What if? Historians aren’t supposed to answer this question, but it keeps getting asked just the same. Frederick Funston remains a big “what if” which might have altered his place in history, and the recognition he receives by history.
Funston was born in New Carlisle, Ohio on November 9, 1865. His family moved to Allen County, Kansas in 1881, where his father quickly placed himself in the community, being elected to Congress in 1884. Fred was only 5’5″, but that was no barrier to him. While he failed the admissions test to West Point, he attended the University of Kansas, where among his friends was the future editor of the Emporia Gazette, William Allen White.
Failing to graduate, he took a variety of jobs. He was a trainman for the Santa Fe Railroad. In 1890 he was a reporter in Kansas City. He joined a surveying expedition of Death Valley, then worked for the Department of Agriculture in Alaska.
Finally, military experience came in the form of joining the Cuban Revolutionary Army in 1896. While at home on sick leave, he was appointed Colonel of the 20th Kansas Infantry in 1898. He led that regiment in the Philippines in the Spanish-American War, then the Philppine-American War. For bravery in that war, he would receive the Medal of Honor.

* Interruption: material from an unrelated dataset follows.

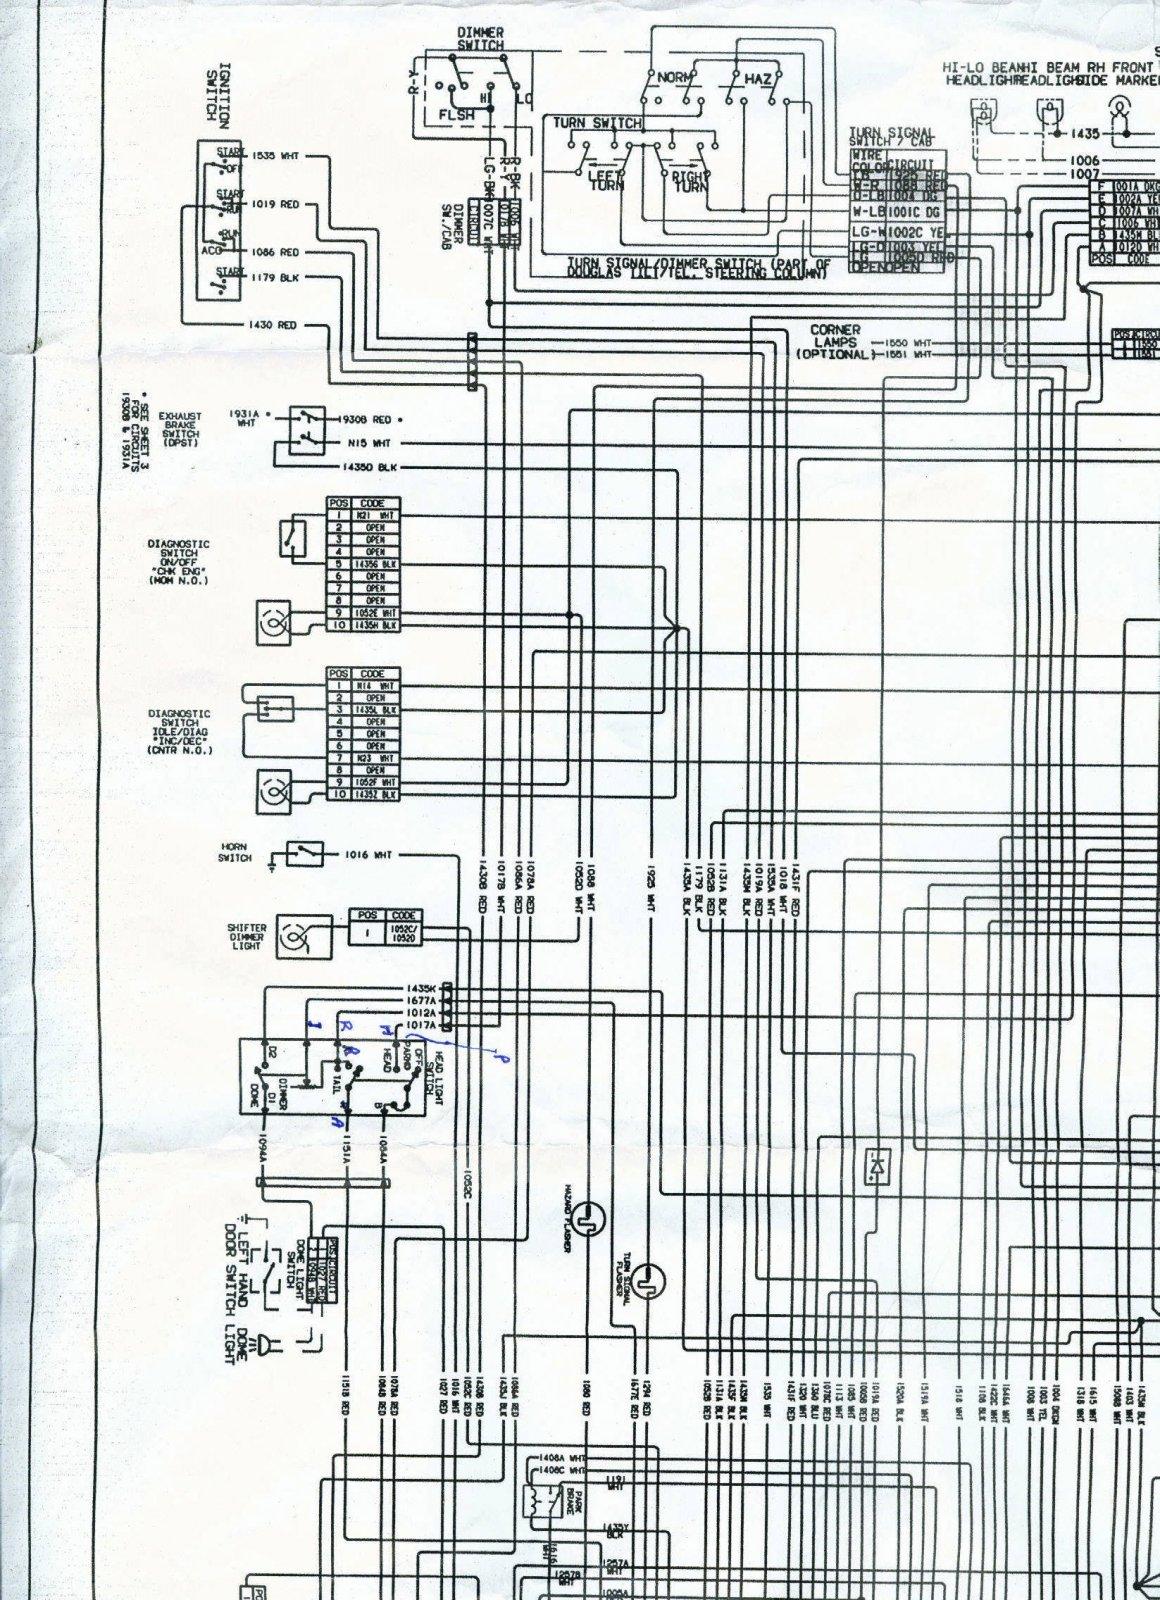 fleetwood wiring diagram motorhome fleetwood image diagram rv wiring southwind diagram auto wiring diagram schematic on fleetwood wiring diagram motorhome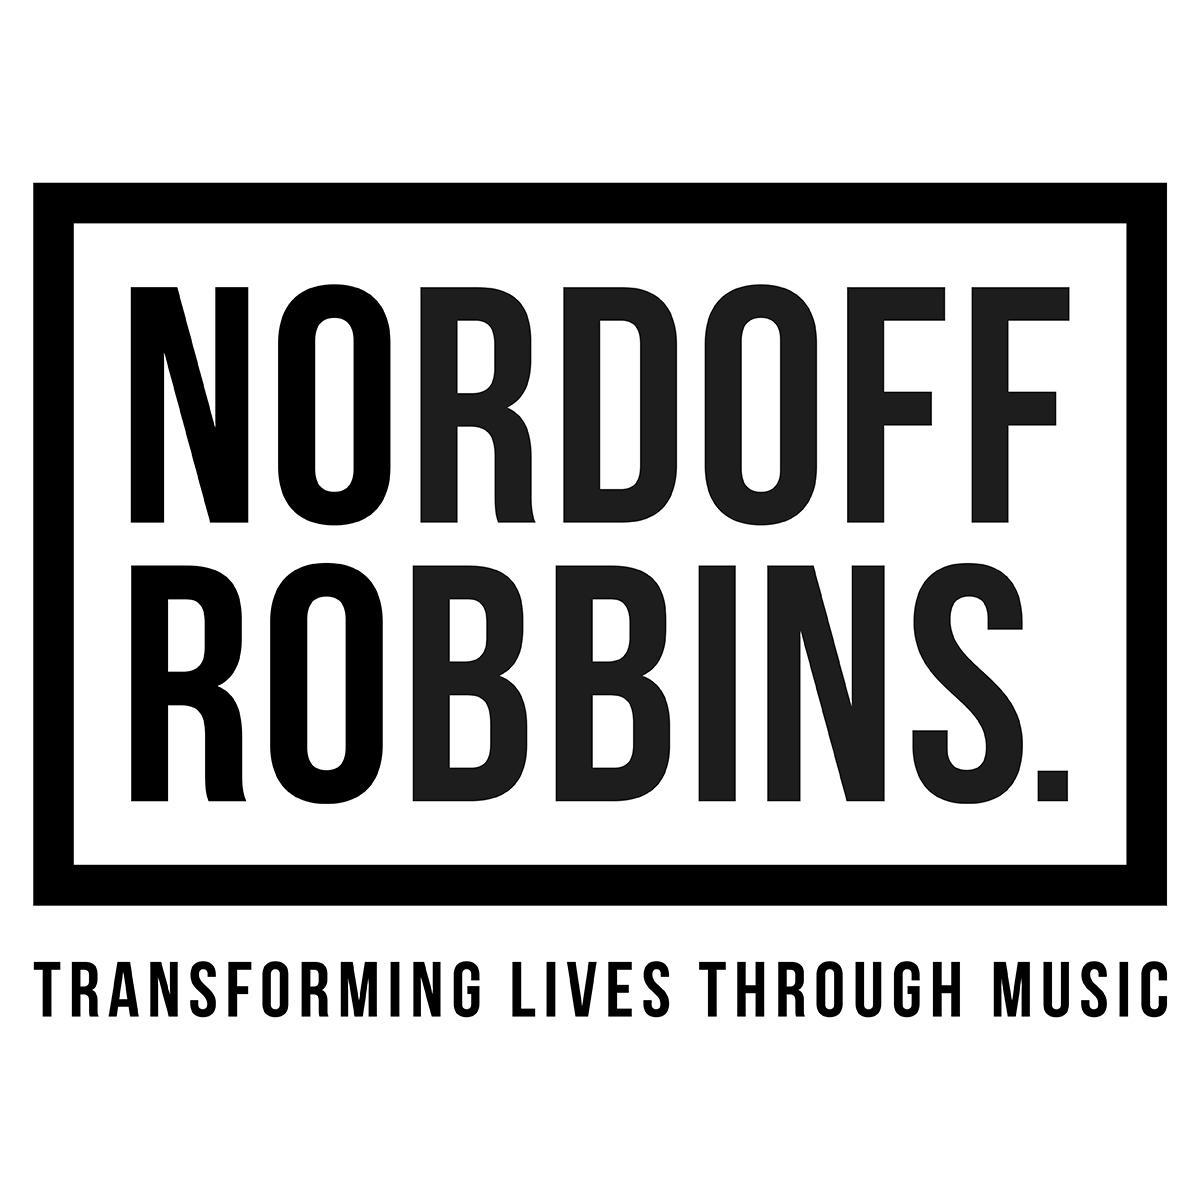 Nordoff Robbins.jpeg

He would become a national hero when he took part in the capture of the Filipino President Emilio Aguinaldo in the latter war. This won him an appointment in the regular army.
Funston again won recognition in 1906 as the commanding general at the Presidio in San Francisco at the time of the 1906 Earthquake. He did receive considerable criticism at times for the way he carried out his duty, but he remained a top general in the army.
He was in charge of the army’s Southern Department at the time of Pancho Villa’s raid in 1916, sending his subordinate, John J. Pershing, after the Mexican general. This sets up the “what if.”
Before the American entry into the Great War, President Wilson favored naming Funston to head what became the Allied Expeditionary Force. But Funston was having health problems, and on February 19, 1917, Funston died of a heart attack at San Antonio. Pershing would get the command of the A.E.F.
We are left to wonder what might have been different had Funston been in command of the A.E.F. What would have happened to Pershing? Would we be talking about a WWI memorial at Funston Park in Washington?
Instead, there are tributes to Funston in San Francisco where he was remembered for his efforts in maintaining order following the earthquake, the training camp at Fort Riley would be named for him, and we remember Pershing more so than Funston. Such is the fate of history.